Ranula (a mucocele arising from the sublingual gland) is seldom reported as a congenital lesion and if present is of the simple type (confined to the sublingual space superficial to the mylohyoid muscle). A plunging ranula (mucus extravasation from sublingual gland and its collection in the submandibular space deep to the mylohyoid) is rarely seen at birth. Our child presented with a large, symptomatic plunging ranula at birth. It was a mixed type of plunging ranula (having both an oral and a submandibular component) as described by Zhao et al.[1] There was another cystic swelling in the neck. Child's inability to breastfeed, a recurrence following aspiration and a possibility of respiratory compromise prompted us for excision. No communication was elicited between either cysts clinically, radiologically, or at surgery. Moreover, both the cysts in our patient were filled with clear mucoid fluid. Considering the fact that mucus production in oral cavity is limited to the sublingual and minor salivary glands and the oral cyst in our case was occupying both the sublingual and submandibular spaces, establishes it as a plunging ranula arising from the sublingual gland. Histologically, both the cysts had an epithelial lining with an intact basement membrane, a subepithelial tissue with dense chronic inflammatory infiltrate, congested, and dilated blood vessels, which is a characteristic of ranula.[1],[2] The occurrence of a congenital plunging ranula and its association with an ectopic salivary gland cyst in the neck is unique to our case and has not been previously reported.

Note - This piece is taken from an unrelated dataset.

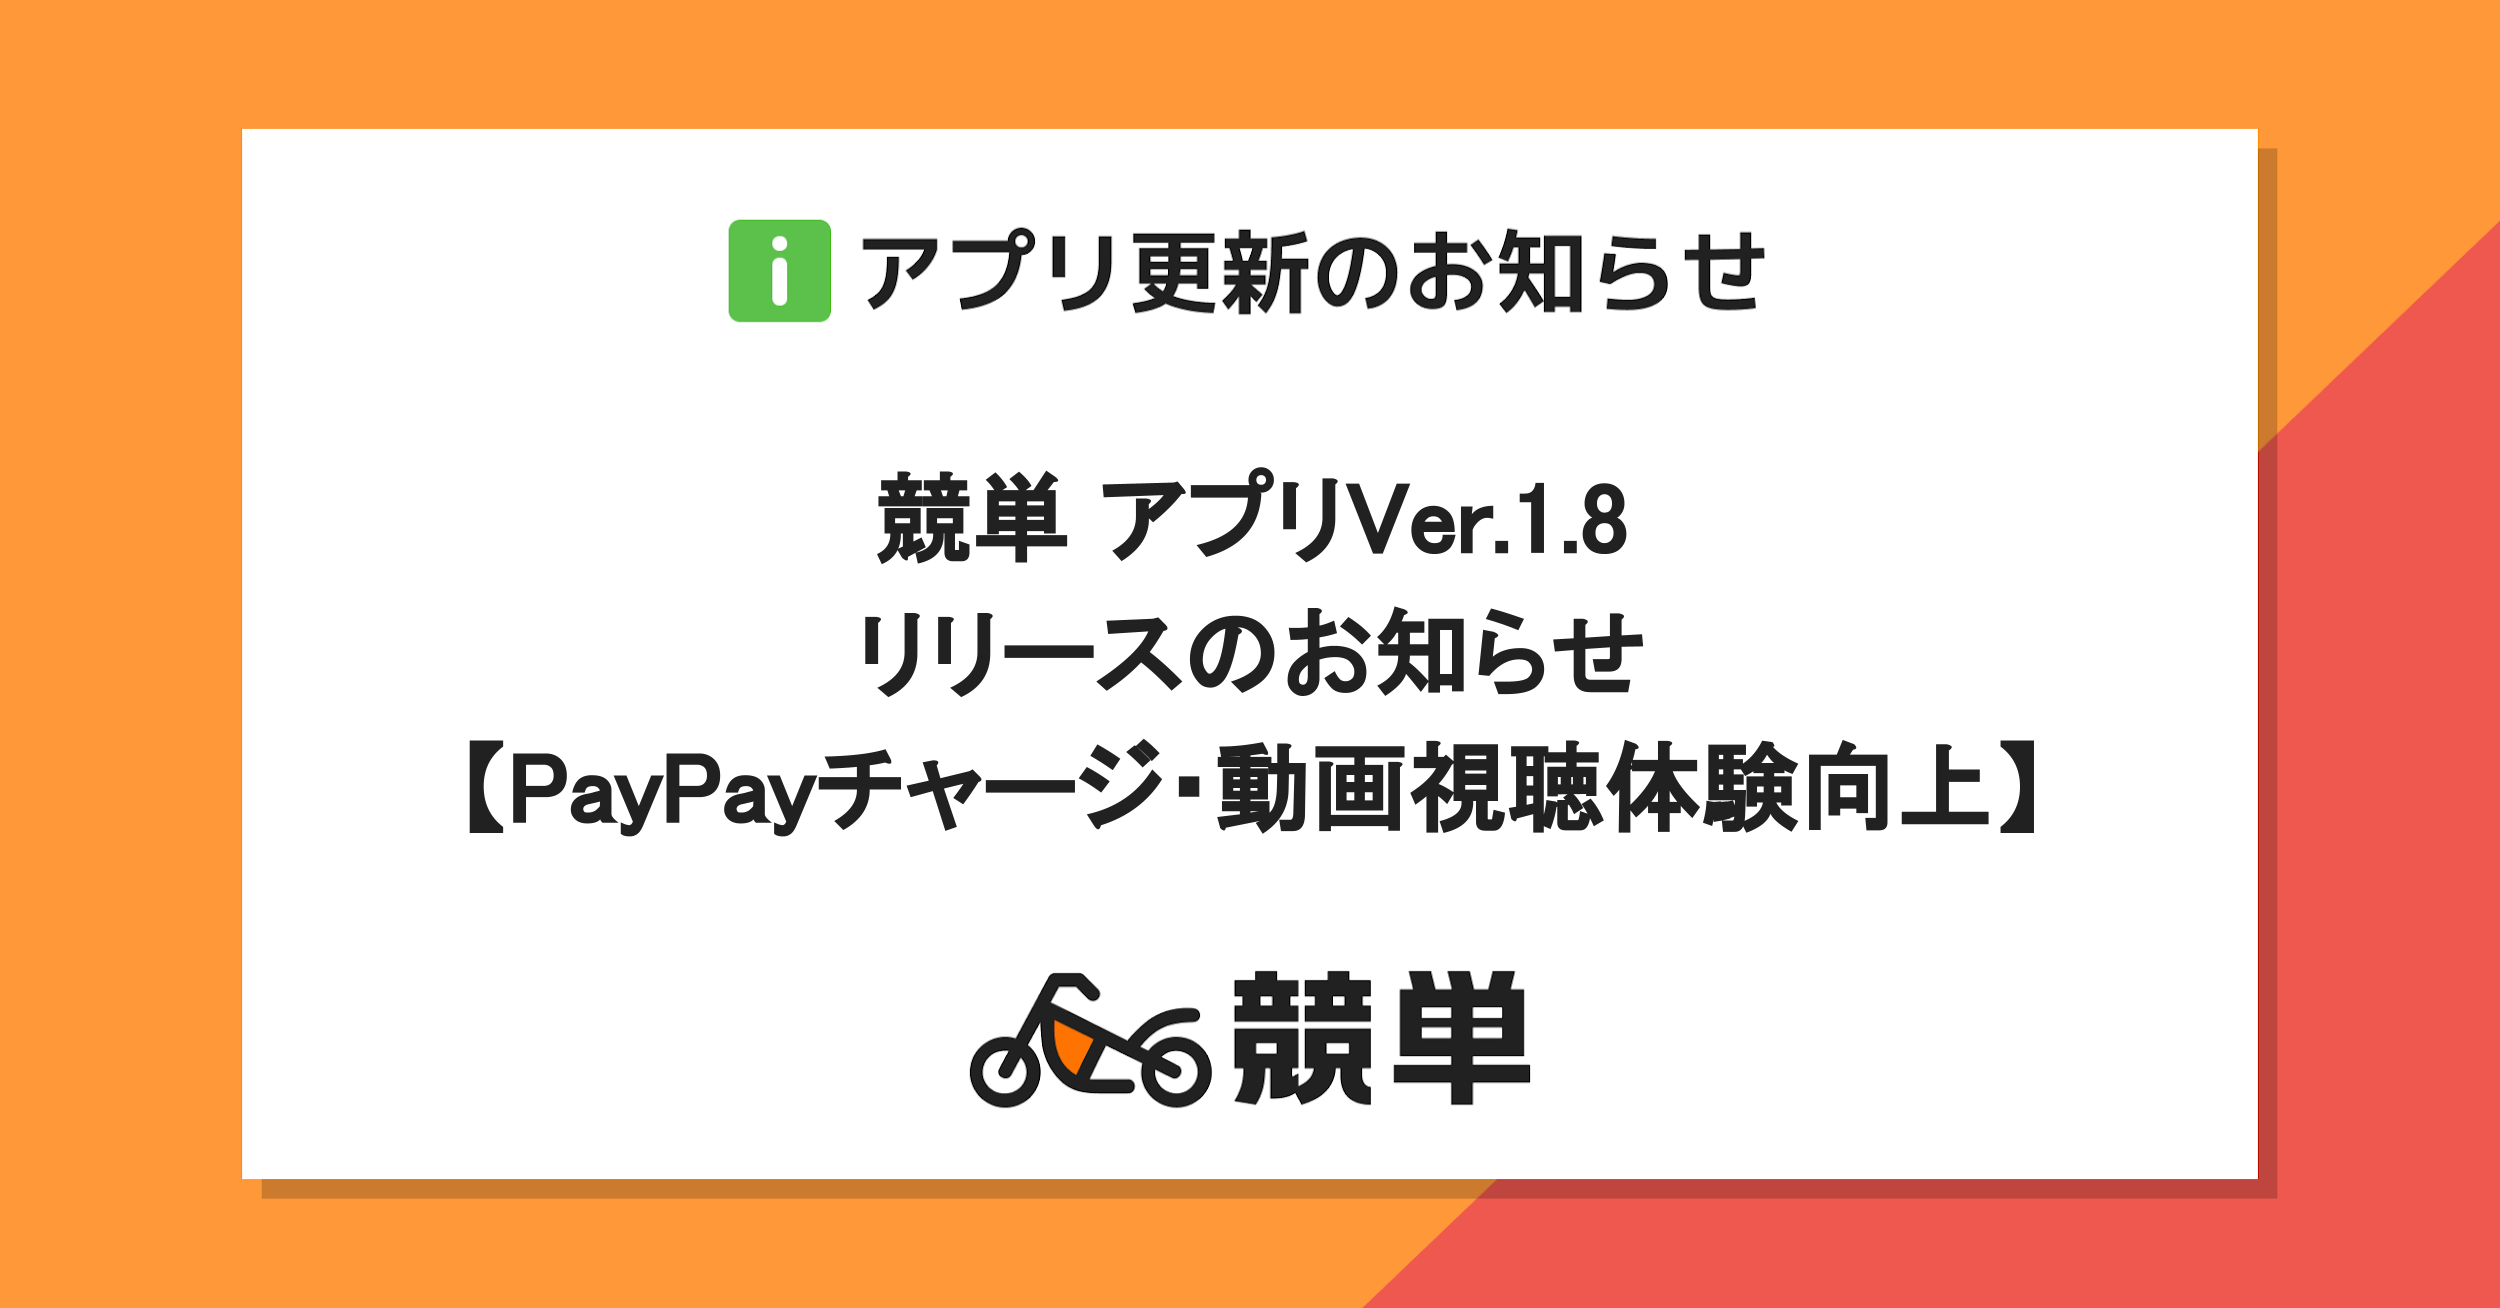 【PayPayチャージ・動画視聴体験改善】アプリ競単Ver.1.8リリースのお知らせ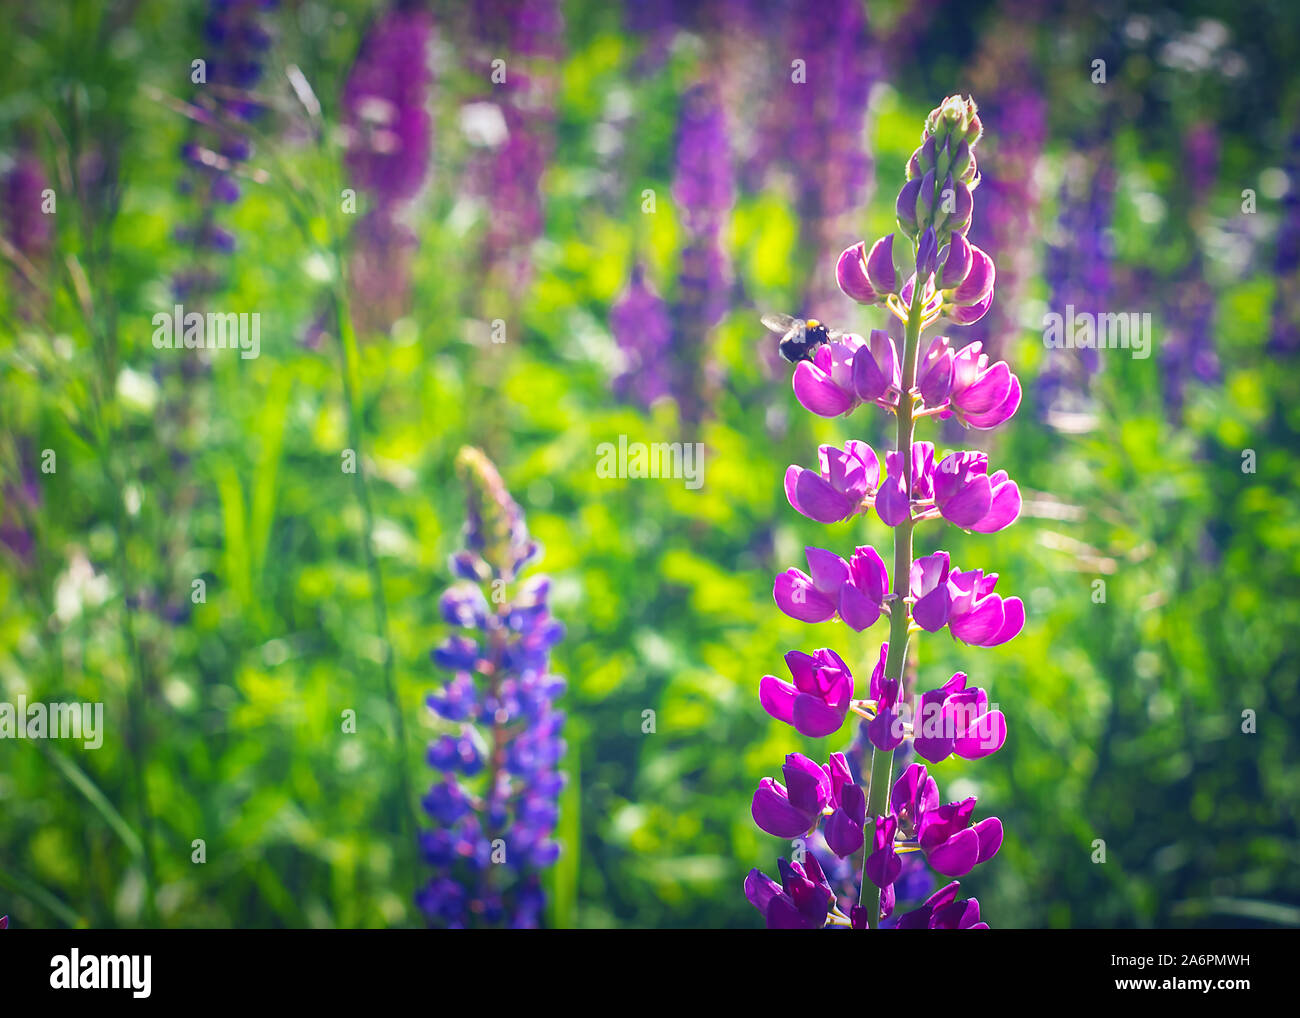 Bumblebee sur les fleurs violettes de l'Épilobe ou Willowherb, Chamaenerion angustifolium, sur une journée ensoleillée. Concept de la pollinisation. Banque D'Images

The etiology and pathophysiology of congenital ranula are not clear and is said to be due either to ductal atresia or acinus dilatation.[3] On the other hand, plunging ranula is a type of extravasation cyst that is formed by rupture of the sublingual gland acini secondary to trauma or duct obstruction. The saliva either travels over the back of mylohyoid muscle or drains directly through the muscle to enter the submandibular space. In the latter case, it is speculated that a part of sublingual gland herniates through a preexisting hiatus in the mylohyoid muscle and gets constricted by it leading to its rupture with persistent extravasation of mucus from the ruptured acini.[4],[5]

Gaps in mylohyoid muscle are reported in 10%–72% of cases at cadaveric dissections and in 77% CT studies performed in asymptomatic individuals.[6] Human embryo dissections have shown these gaps as early as 8 weeks of gestations.[7] The sublingual gland anlage also appears around this time.[8] In our case, it is possible that part of the early budding sublingual anlage herniated through a defect in the developing mylohyoid and the constricting effect of the muscle resulted in some of it getting separated. Since this tissue was immature (precanalised stage), constriction resulted in separation rather than rupture of acini which happens in a mature secreting gland. With foetal lengthening, the detached segment gravitated to the adjoining subcutaneous space in the neck. Subsequent maturation, canalization, and onset of secretory function resulted in the formation of a mucus filled, ectopic salivary cyst in the neck. The remaining unsequestrated, herniated sublingual anlage developed later as a cyst extending into the submandibular space (plunging ranula).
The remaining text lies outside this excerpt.